Ce sera sans doute le penchant de l'auteur pour les paradoxes, les contradictions, voire même les oxymorons.., qui aura fait que ce recueil de nouvelles porte un tel titre, car nul espoir béat n'arrive à surnager sur la surface de cette mer de la vie telle qu'il nous la présente dans ces nouvelles. Est-ce dire pour autant qu'il sombre dans le désespoir profond, le nihilisme sans retour ? Pas davantage à mon sens. Il appartient plutôt à la race de ceux qui sont capables de plonger dans les profondeurs, même en apnée, et de revenir à la surface avec leur trésor, fut-elle une simple éponge. Lettré doublé d'un esprit scientifique, Sylvain Trudel s’inscrit dans la ligne des questionnements ouverte par des esprits libres, ceux devant qui tous les tabous, les vérités chancelantes, les façades s'écroulent.

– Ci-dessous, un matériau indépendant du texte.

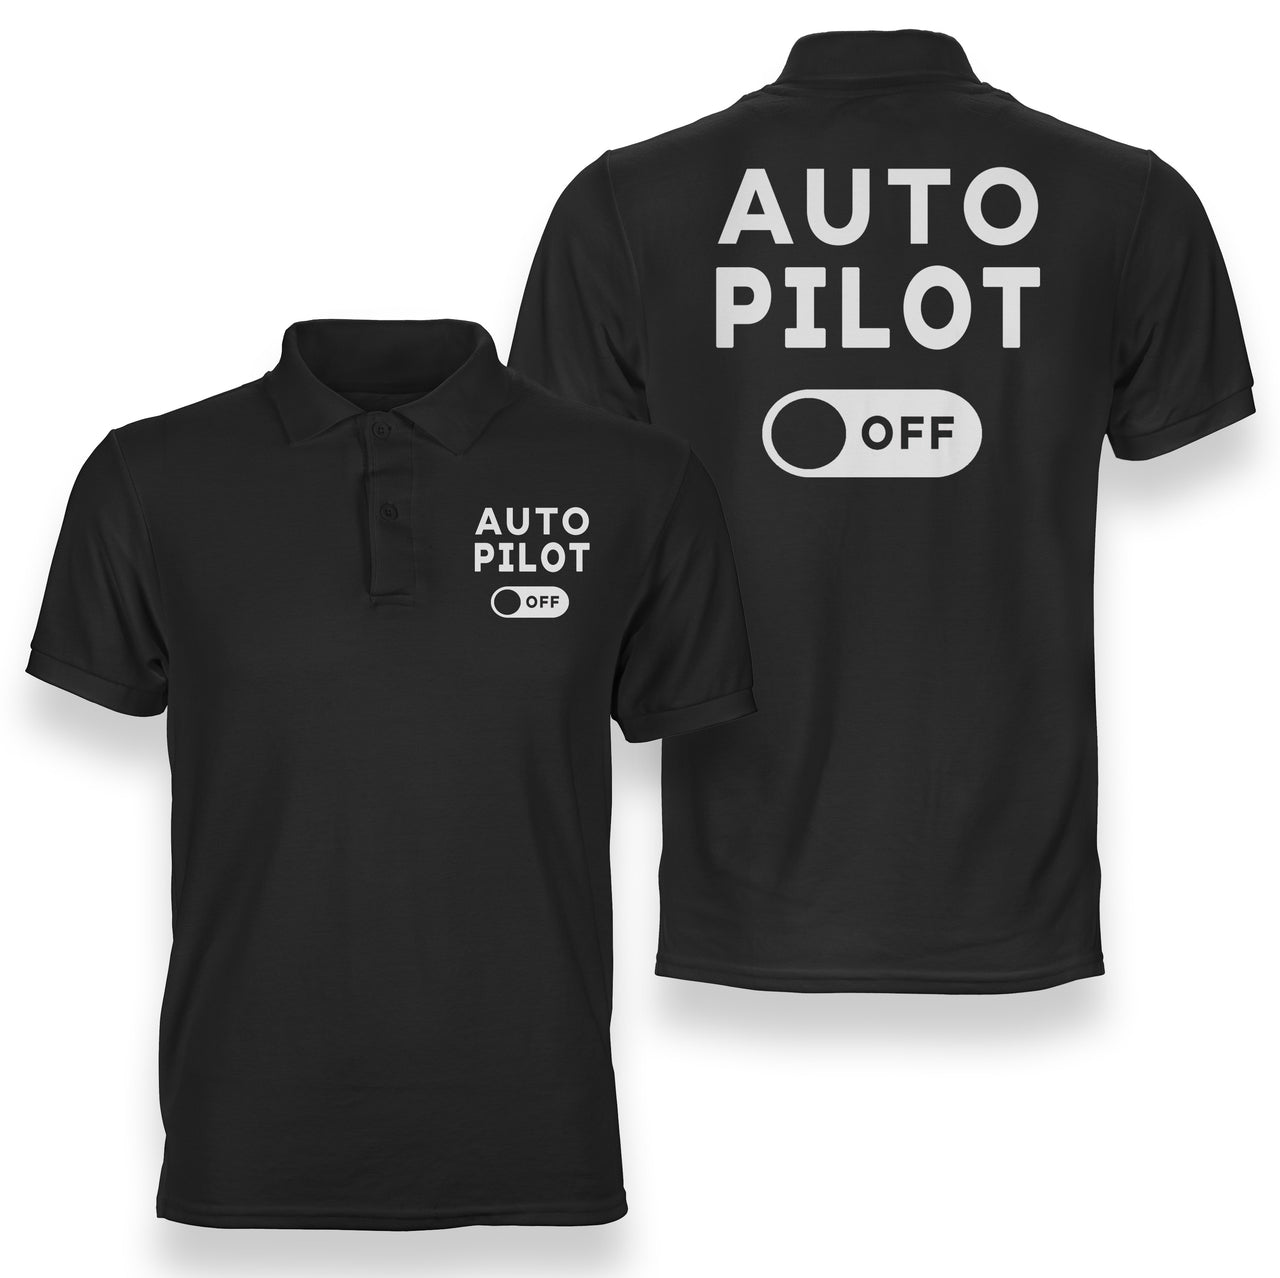 Auto Pilot Off Designed Double Side Polo T-Shirts
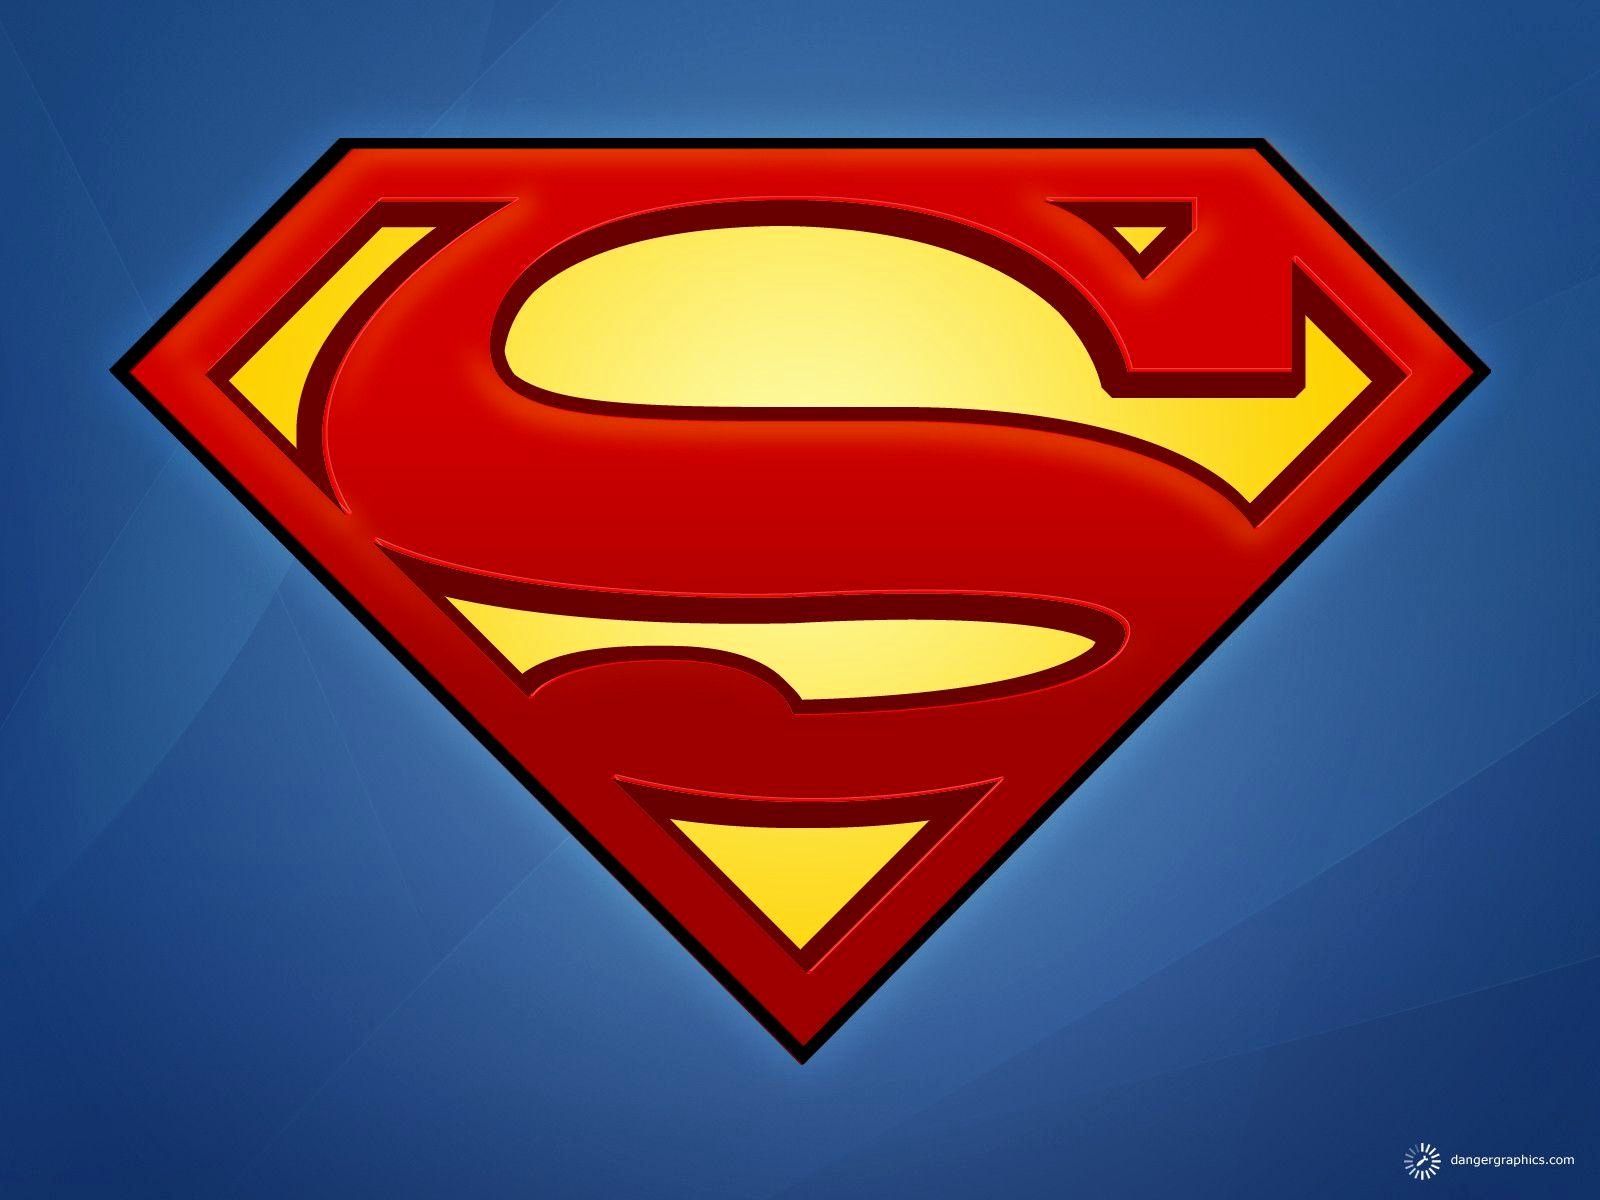 Superman Logo Wallpaper Awesome Superman Logos Wallpaper

Ainsi, le divorce du matérialisme et des forces de l'esprit, c'est davantage en disciple de ceux qui ont sondé le divorce du hasard et de la nécessité qu'il le voit, même si ses atavismes culturels le lui font exprimer sous une forme plus conforme à cette tradition. Le zéro n'est pas une invention simplement mathématique et arabe nous dit-il, mais le nombre du Dieu Hasard. C'est dans la dernière nouvelle, celle du Vaisseau négrier, qu'il se fait le plus philosophe et que le narrateur nous donne à choisir entre Leibniz d'une part et Schopenhauer d'autre part, ce qui nous replonge dans les paradoxes du conservatisme le plus profond, celui des traditionalistes avec Leibniz et celui des ultra-droitiers nietzschéens avec Schopenhauer.

Mais Sylvain Trudel est d'abord et avant tout un écrivain et pas n’importe lequel. Il prolonge Réjean Ducharme, mais en s'emparant du monde à bras le corps, en le déconstruisant avec la force des mots qui le mitraille pour en extraire la substantifique moelle, quitte à le faire couler au fond, plutôt que de le laisser flotter à la dérive comme Ducharme. Les mots sont choisis, variés, affûtés comme des scalpels pour procéder à la vivisection du monde, avec ses clairs-obscurs comme dans une leçon d'anatomie de Rembrandt. Ceux qui lui ont reconnu une stature internationale par les prix qu'ils lui ont décernés ne se sont pas trompés.